Writer Matthew ‘M.J.’ Arlidge on why Hampshire is a perfect fit for Detective Inspector Helen Grace
PUBLISHED: 10:19 03 October 2017
The detective writer who chose Southampton as the setting for his dark novels tells Faith Eckersall why the city - and the New Forest beyond - are a perfect fit with his ‘fractured’ heroine, Detective Inspector Helen Grace
It’s happened to quite a few people in Southampton and the New Forest recently. There’s been a horrible murder down their road, or a body found in a lock-up on the industrial estate where they work. Thankfully they only find out when they read the books of Matthew ‘M.J.’ Arlidge, the thriller writer who has spent the past three years quietly turning Southampton into serial killer central.
From Eeny Meeny, the nerve-shattering tale of a sadist who likes their victims to choose who lives and dies, to his latest, Love Me Not, which begins with the slaying of a young mum on the A336 near Ashurst, Arlidge has put this area of Hampshire well and truly on the international crime map. He’s just returned from a signing in Greece: “I try and cherry-pick the nicer locations to go and publicise, I keep trying to get Brazil,” he says, cheerfully. “People thought the books wouldn’t sell well in Brazil because they have such bad crime in real life and tend to buy more escapist literature, but…”
But indeed. For Arlidge’s seven books about the charismatic, troubled Detective Inspector Helen Grace and her pursuit of the violent and the psychopathic have sold over a million copies around the world. Which leads me to the question his fans, especially those in this county, want answered. Why Southampton? “Because of the rich history of crime-fighting in this country, most cities and towns had their own fictional detective already,” he explains. “I spotted a gap in Southampton.” There are other reasons. “Southampton is a port city; I like ports, they have a unique atmosphere. All sorts of things, good and bad, come out of ports.”
More interesting still is his belief that it is a ‘fractured city’: “It was one of the most heavily bombed cities in the Second World War, it has a fractured identity. There are buildings which are ancient and historic and some which just had to be put up after the bombing. I quite liked the idea that Helen Grace, who is a rather fractured character, would ply her trade here.”
He also loves Southampton for its proximity to the New Forest, which he describes as a ‘great contrast’ and a ‘place to branch out to’ for his characters and crimes. “It’s great to have that mix of urban and rural; it’s atmospheric,” he says, breaking off to reminisce about the time he took some Dutch journalists to see the place on Calshot Spit where he buried the body in The Doll’s House.

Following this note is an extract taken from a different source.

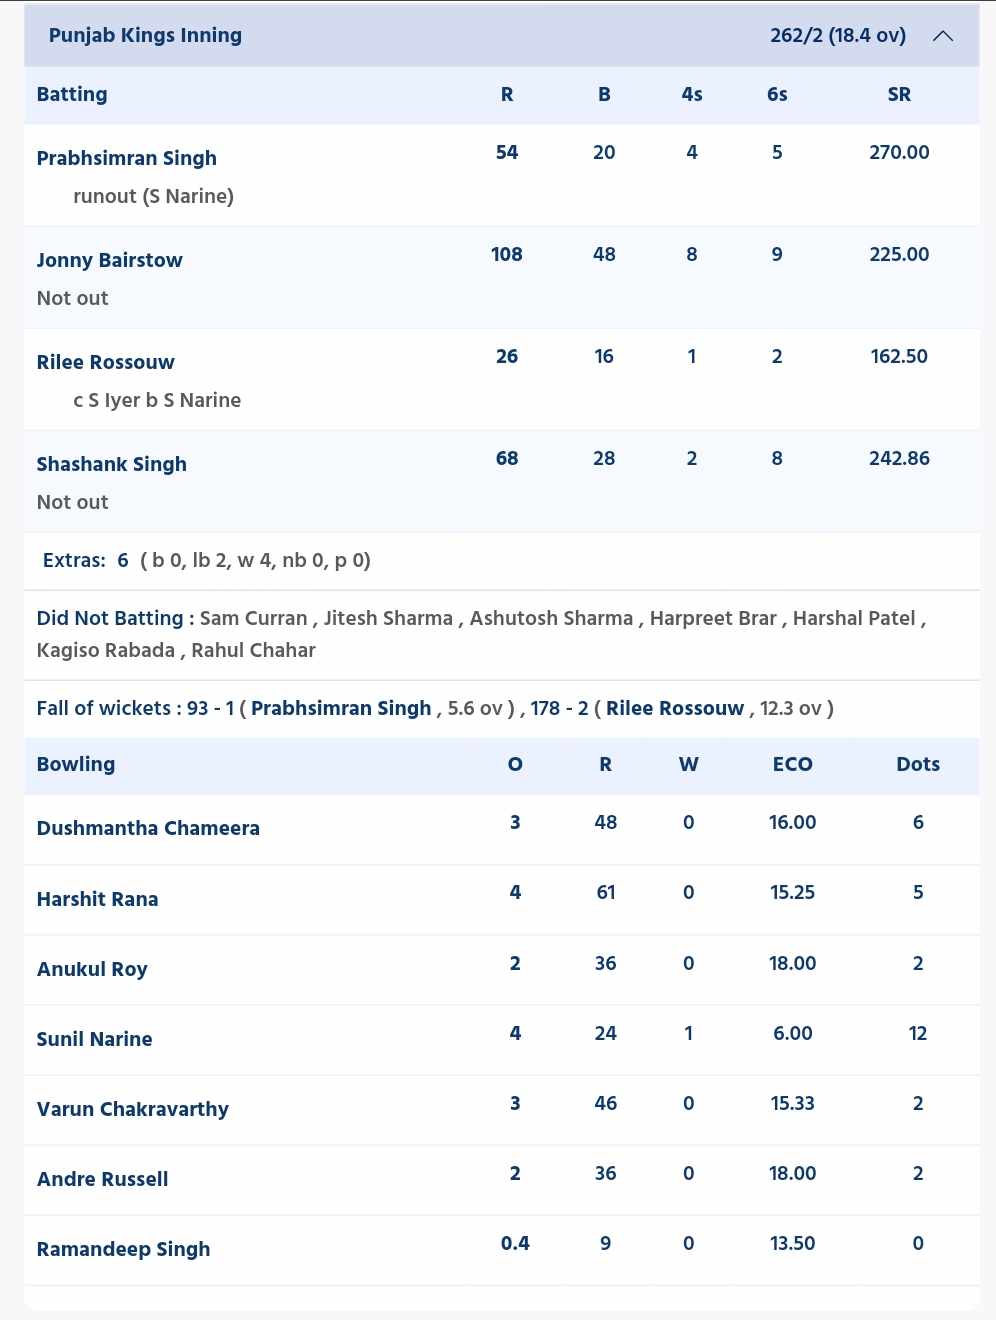 KKR vs PBKS: KKR innings (Credits: CricketAddictor)

When you ask what came first, however, Helen Grace, the S&M-loving, Kawasaki Ninja-riding, leather-clad DI or the city she lives in, the Hertfordshire-based author is not so sure. “I wanted a heroine for a number of reasons, partly because women are more interesting than men in life as well as in fiction. I pretty much know what my male friends are thinking this week and I know what they’ll be thinking next week, whereas women are more complex and nuanced.”
Life is harder for women, he believes, which makes them good fictional characters. For this reason he has two more strong, female presences: Charlie Brooks, the police officer who is ‘light to Helen’s dark’ and Emilia Garanita, the evil local journalist and Helen’s nemesis. Like all his characters she is not based on anyone in particular but: “I was writing my first book during the time of the phone-hacking scandal at a time when the Press were definitely in the dock.”

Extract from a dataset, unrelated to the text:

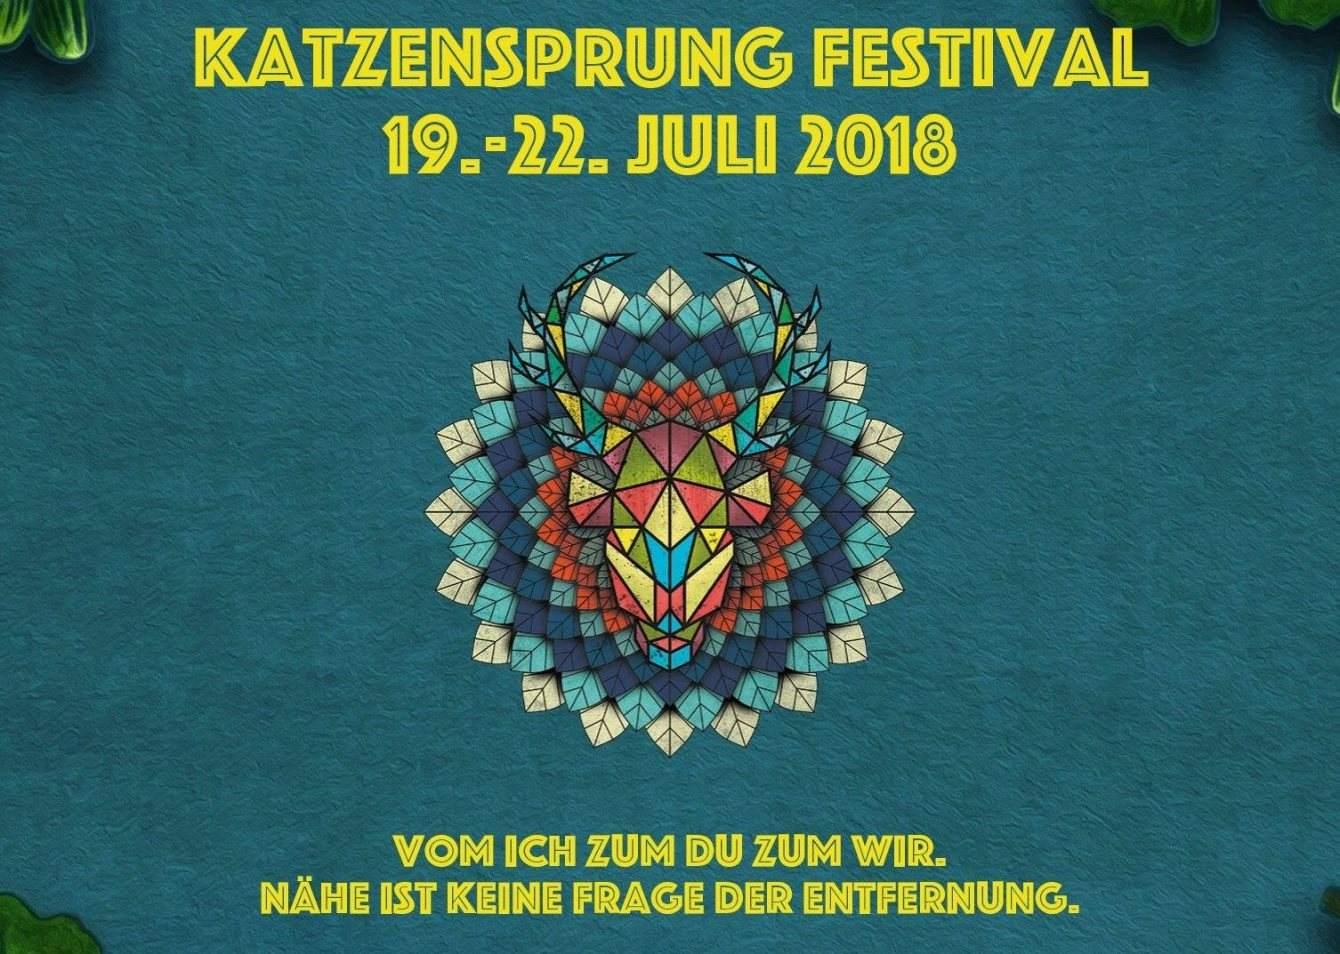 Katzensprung Festival - フライヤー表

He says his readers care about Helen and, strangely, Emilia, who has a tragic back story which he intends mining for a future novel. Another characteristic of his novels is their fast pace – it’s not unusual for them to have more than 100 chapters each. Was this because of his previous training, writing scripts for TV dramas such as Silent Witness? “I didn’t really know how to write a novel so I did it like a screenplay – lots of short scenes, one thing happens and you move onto something else,” he says. “They are about a police officer but are not police procedurals, they are thrillers.”
His other scriptwriting technique helps too: “To generate pace you have to have three to five storylines going on at the same time and interweave them. I first started writing when I had a baby and a toddler and when you’re reading in bed when you have small children you are absolutely exhausted and feel lucky if you manage one chapter. If that chapter is only three pages then an achievement is possible and this kind of writing fitted my reading style.”
Although they are a series, he tries to do something different with each novel. “You cannot afford to take your readers for granted, you have to give them something a bit different, so in Love Me Not I decided to make the action take place over one day.”
That means that you can read it almost in real time, from the moment the victim is discovered on the A336 to a trail of slaughter that plays out across Southampton and as far away as Hedge End. Like all his books, it flies to a thrilling and satisfying conclusion – no wishy-washy literary musings here. “When I was a TV producer I read loads of books, thinking could we adapt them into something interesting for TV,” he says. “You’d get to the end and realise the writer didn’t know the ending before they wrote it. If you drag someone through 400 pages and you’ve delivered a disappointing ending that’s a bit of a crime.”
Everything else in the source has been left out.